For many, the holidays are about traditions; those past down from generation to generation and new ones we make, placing our own unique touch on the way we celebrate this special season of gratitude and giving. I asked a few of our lanterns to share holiday books and/or movies that have a special place in their heart, stories that they bring out year after year to be savored and shared.

Linda Ulleseit’s favorite holiday story is The Velveteen Rabbit by Margery Williams.

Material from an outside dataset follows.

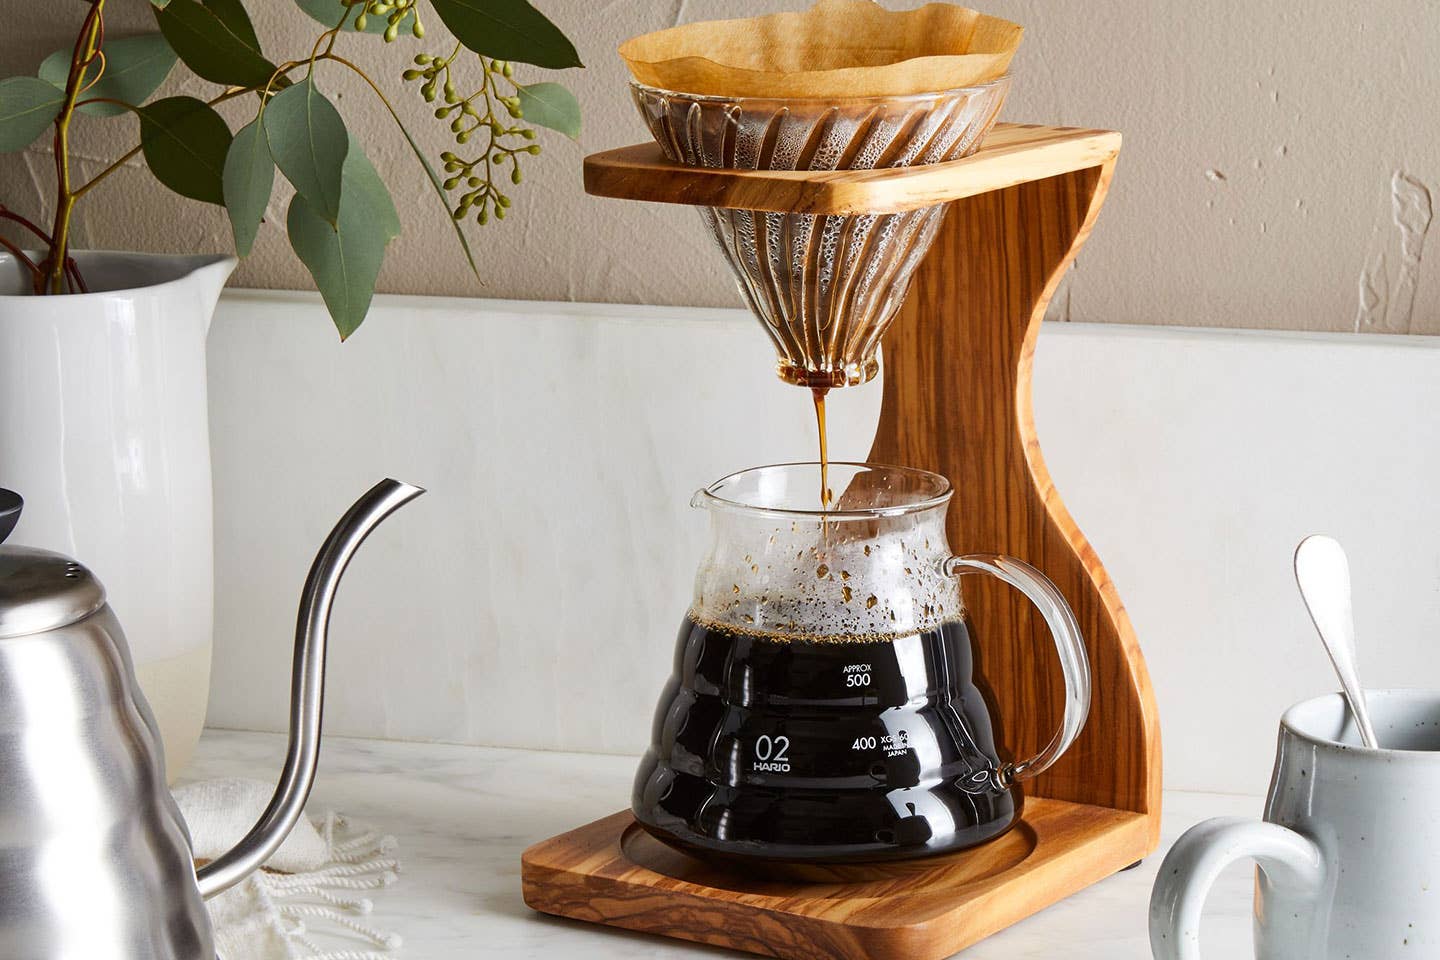 How to Make Pour Over Coffee Chemex: A Comprehensive Guide
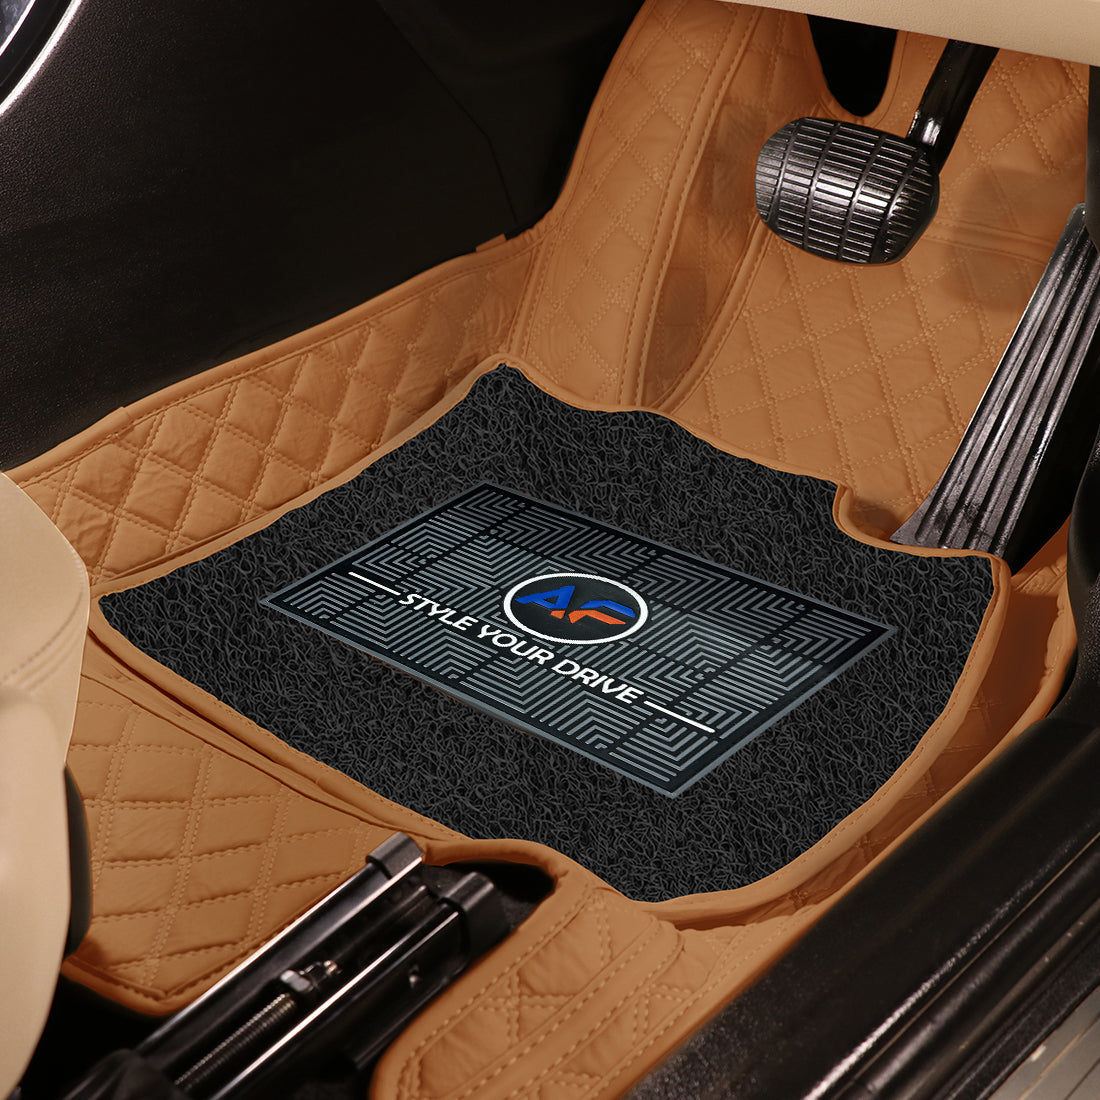 Land Rover Defender 130 2023-7D Luxury Car Mat, All Weather Proof, Anti-Skid, 100% Waterproof & Odorless with Unique Diamond Fish Design (24mm Luxury PU Leather, 2 Rows)

In it, a stuffed rabbit, a Christmas present, learns that in order to become real he has to be deeply loved. The Skin Horse tells him, “It doesn’t happen all at once. You become. It takes a long time. That’s why it doesn’t happen often to people who break easily, or have sharp edges, or who have to be carefully kept. Generally, by the time you are Real, most of your hair has been loved off, and your eyes drop out and you get loose in the joints and very shabby. But these things don’t matter at all, because once you are Real you can’t be ugly, except to people who don’t understand.” This story has tugged at my heart since I was a little girl. It’s a wonderful tale of the importance of love and tolerance, one I shared with my students and my children.

My son, however, prefers Die Hard as a Christmas movie. That’s a whole different discussion.

In the busy days of December, Rebecca D’Harlingue likes to read relaxing books, historical mysteries, and the occasional historical romance set at Christmas.

My current read? Jane and the Twelve Days of Christmas, by Stephanie Barron, one of the myriad novels with Jane Austen as a character. It’s just the ticket to escape the hubbub of the holidays. 

My grandchildren and I love Olive, the Other Reindeer, by Vivian Walsh and J. Otto Seibold. Olive is a dog who misunderstands the words to the Rudolph song. She presents herself to Santa as a helper, and it is her special talents of hearing, smelling, and fetching sticks that save the day.

Many Christmas movies bear repetition every year at Rebecca’s house: The Bishop’s Wife, Miracle on 34th Street, Christmas in Connecticut, Christmas Story, A Christmas Carol (the George C. Scott version, of course), to name a few. In the last few years, though, one of my absolute favorites is the animated Arthur Christmas. It’s voiced by some fantastic actors: James McAvoy as Arthur, Santa’s younger son, Jim Broadbent as the present Santa Claus, Bill Nighy as Grandsanta, and Hugh Laurie as Arthur’s brother, Steve, who uses technology to the fullest to help get the presents delivered. The movie is clever, with lots of references to moments in other movies and history. I recently read that it’s the most underrated Christmas movie, so it’s not just that I like it because my husband’s name is Arthur. Ultimately, it also does what any good Christmas story must do – ends with the true meaning of Christmas.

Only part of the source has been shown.